##### DATA BELOW #####

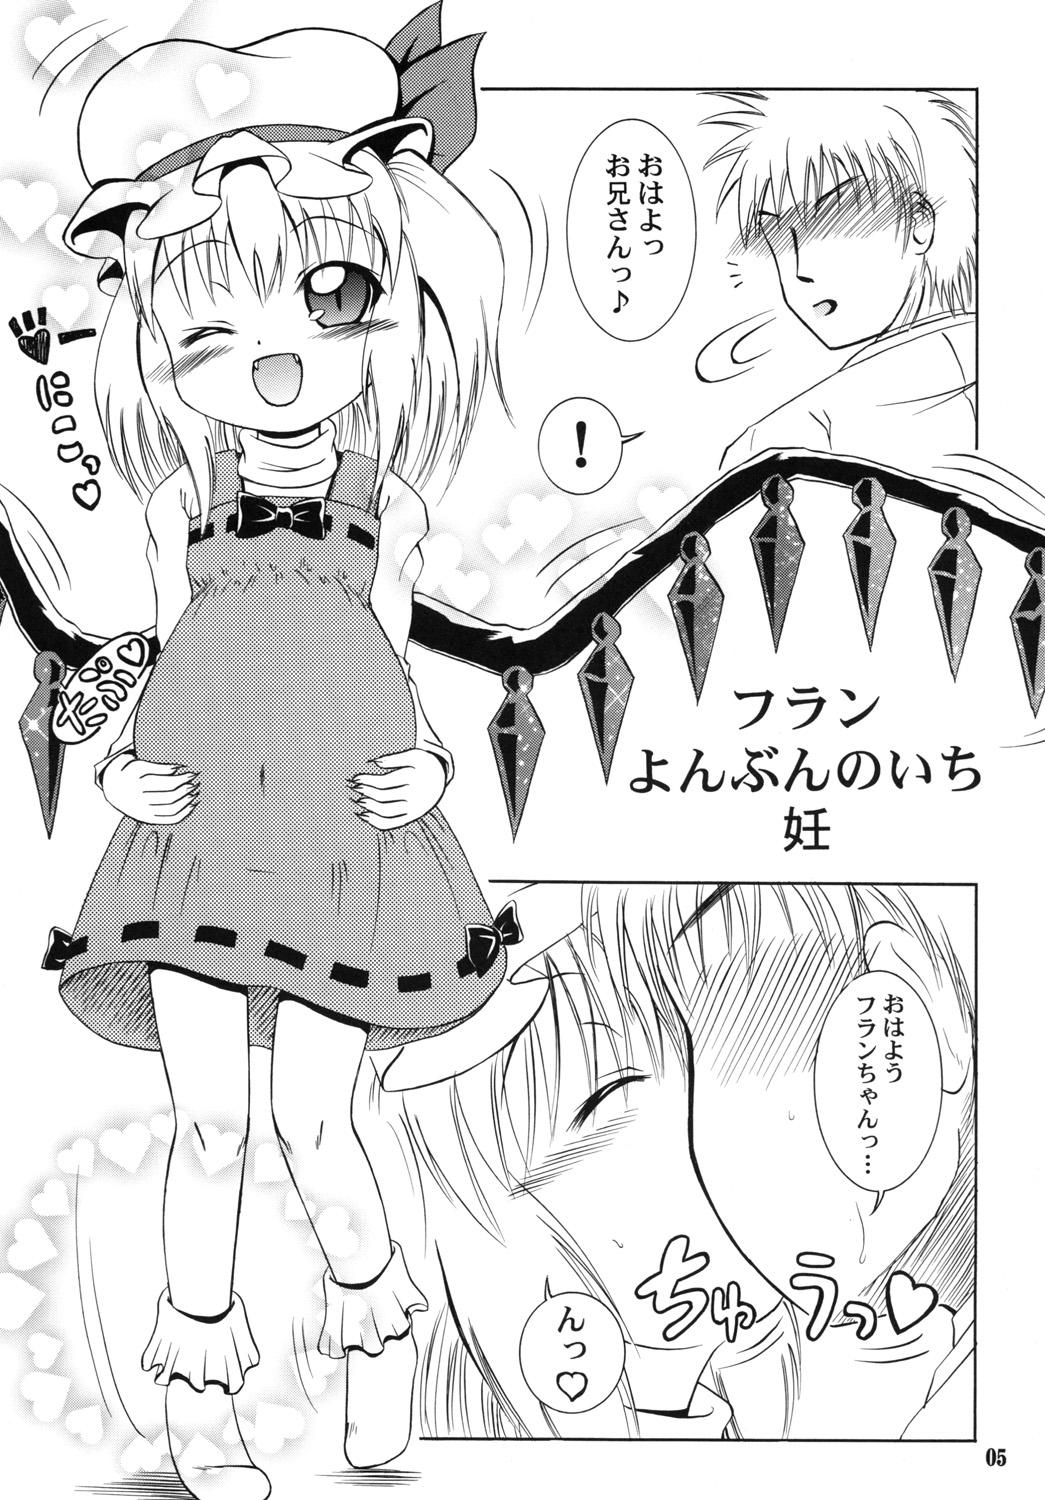 Pigtails Flan Yonbun no Ichi 2 - Touhou project Pounded - Page 4
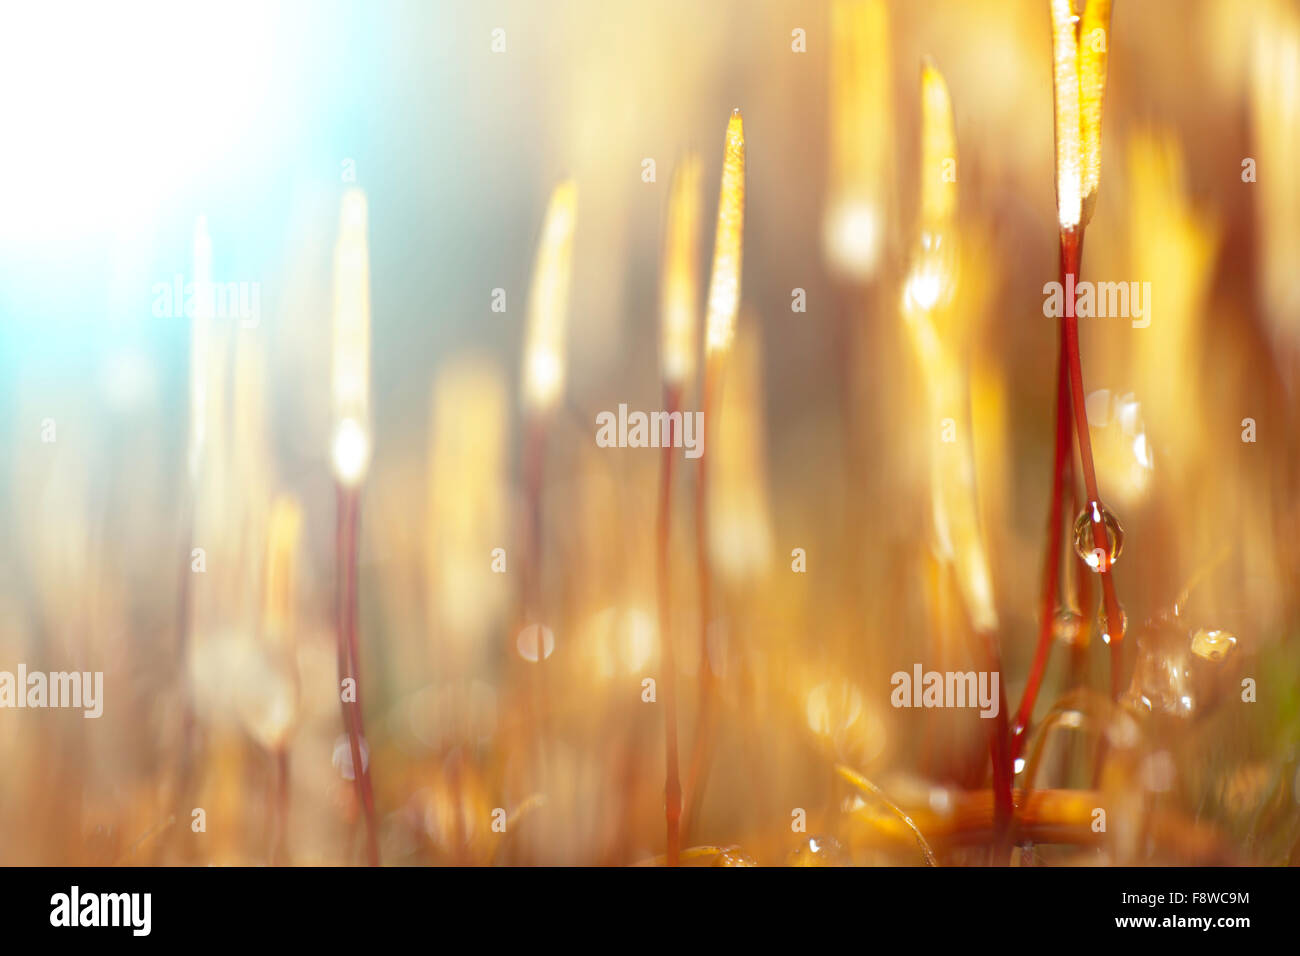 light abstract background blurred image of wet moss closeup Stock Photo
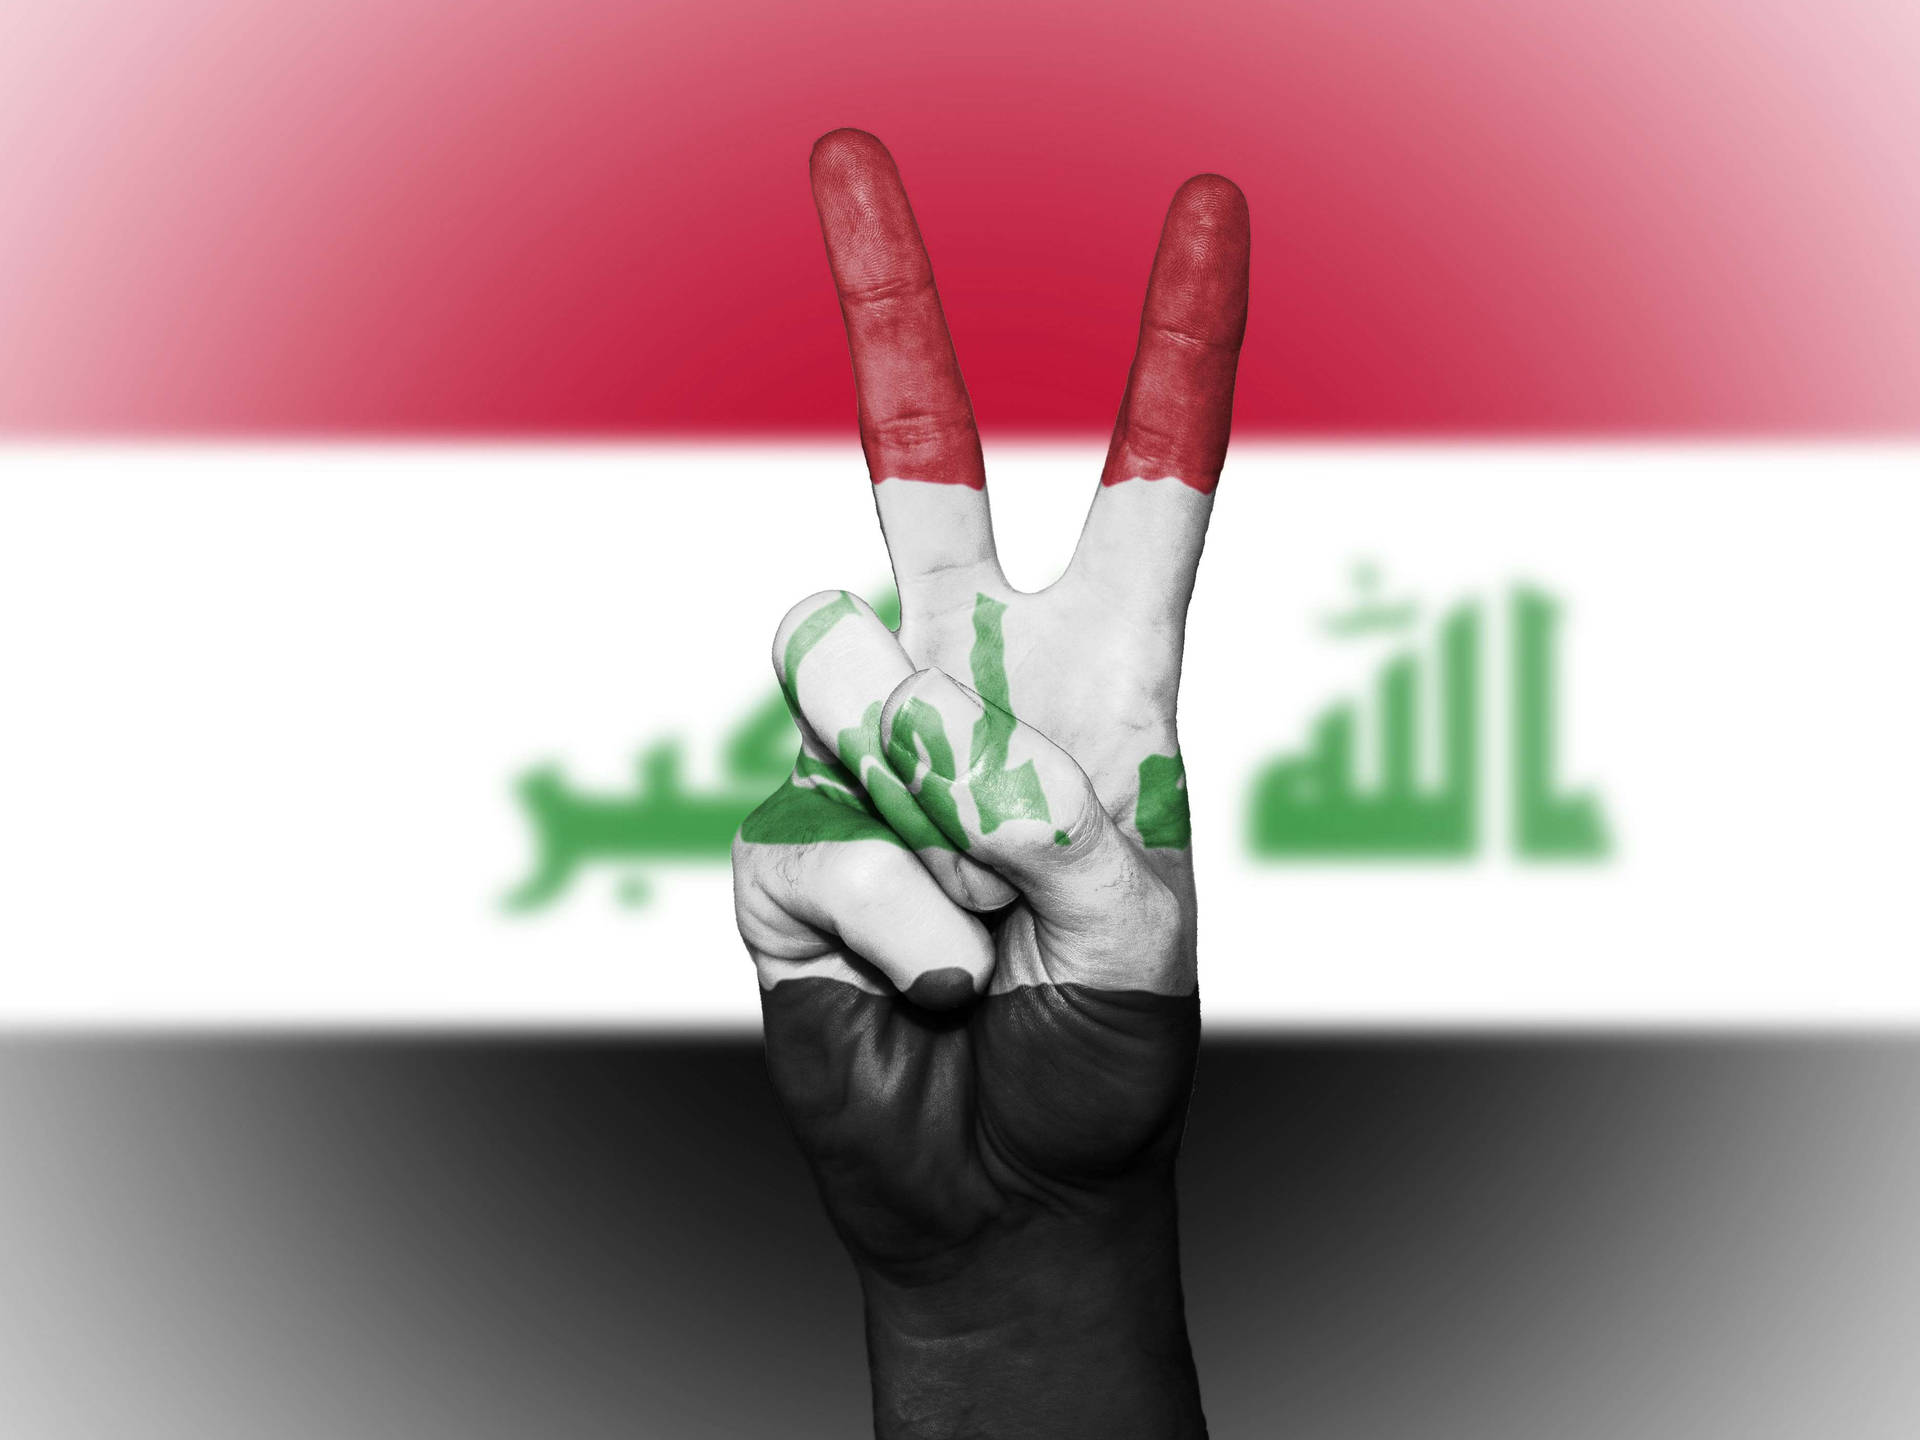 The Peaceful Power Of Iraq - A Hand Symbolizing Peace Covered With An Iraqi Flag.

#####

PROBLEM =>
Every line of the material must be returned verbatim, and pictures must be left behind.

OUTPUT OF THE EXERCISE =>
 Pigtails Flan Yonbun no Ichi 2 - Touhou project Pounded - Page 4
 light abstract background blurred image of wet moss closeup Stock Photo
 The Peaceful Power Of Iraq - A Hand Symbolizing Peace Covered With An Iraqi Flag.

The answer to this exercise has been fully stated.